Inlay

Behavioral strategies can change in response to environmental and internal states, either gradually or abruptly, enabling flexible adaptation. Such strategy regulation is central to meta-learning, the ability to learn to learn. Previous studies analyzed temporal or condition-dependent strategy change using models and theories that assume continuous or discrete changes. Here, we analyze the mice's behavior in a two-step decision task using four different approaches: stay-switch choice probability analysis; generalized linear mixed model (GLMM) of choice and reaction time (RT) given preceding task events; fitting a reinforcement learning (RL) model with time-varying meta-parameter by a novel multiple-step particle filtering method; and fitting a finite internal state (FIS) model that produces choice and RT depending on discrete state transition. Together, the stay probability and GLMM analyses reveal that learning progress encourages a shift toward a model-based, value-based learning strategy, accompanied by elevated choice perseveration. More uncertain reward settings or changes in them lead to random, exploratory behavior.
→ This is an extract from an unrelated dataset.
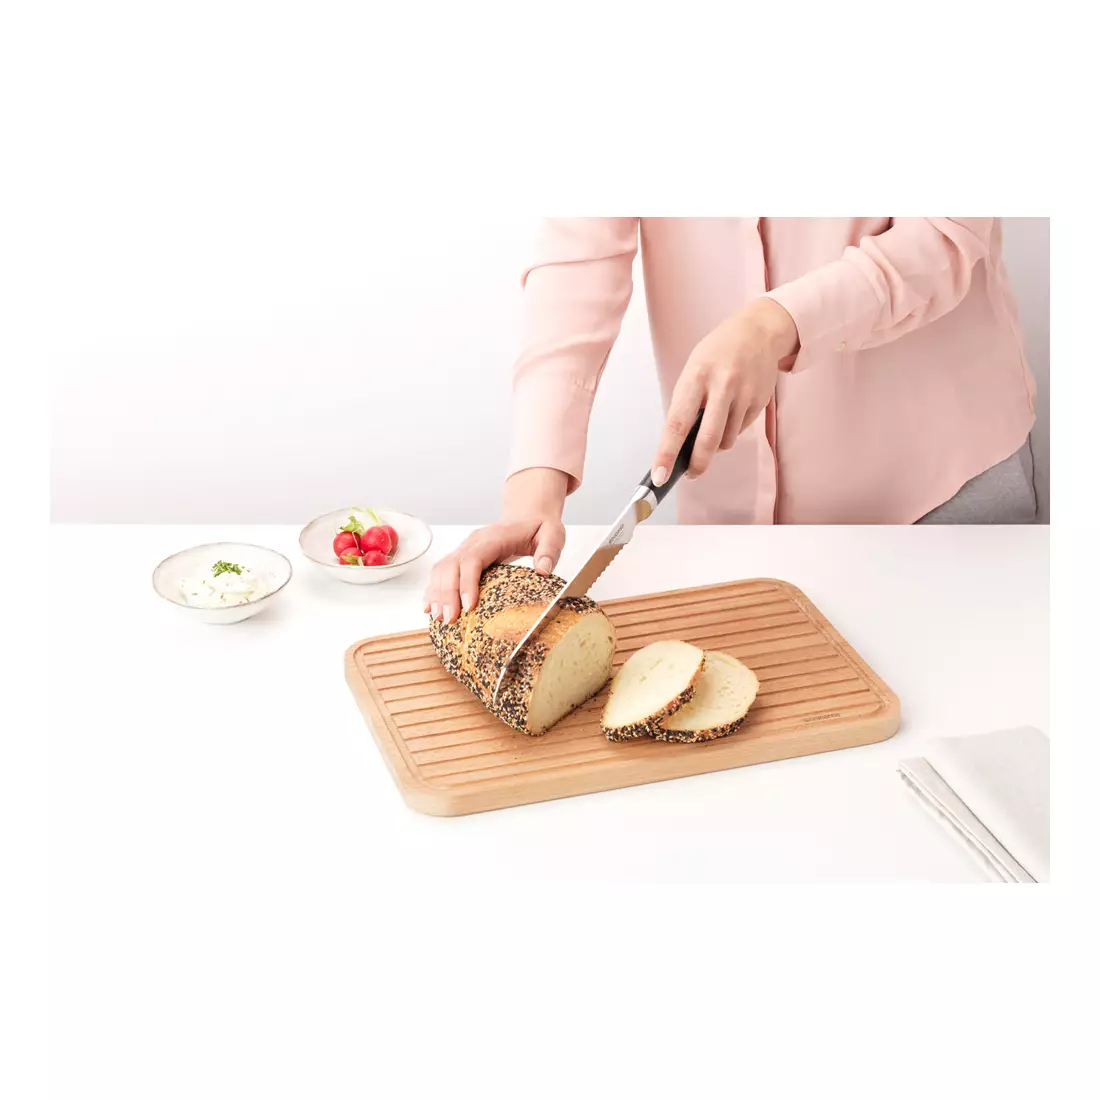 BRABANTIA Profile bread cutting board, wooden

Meta-parameter dynamics show faster learning, greater involvement of a model-based strategy, higher choice stochasticity, and more rapid development of choice perseveration with less contribution to the final decision as learning progresses. Exploratory behavior in the face of uncertain reward settings or changes in those settings is underpinned by slower forgetting and greater model-based contribution. FIS modeling discovered a trial-level switch between an optimal value-based learning state and a suboptimal self-repeating state. Meta-parameter dynamics reflect continuous strategy changes, while state transitions capture abrupt, discrete strategy switches. At an intermediate timescale, when reward settings change, two processes interact: mice persist in a self-repeating state, leading to attempts at model-based strategy with incomplete adaptation.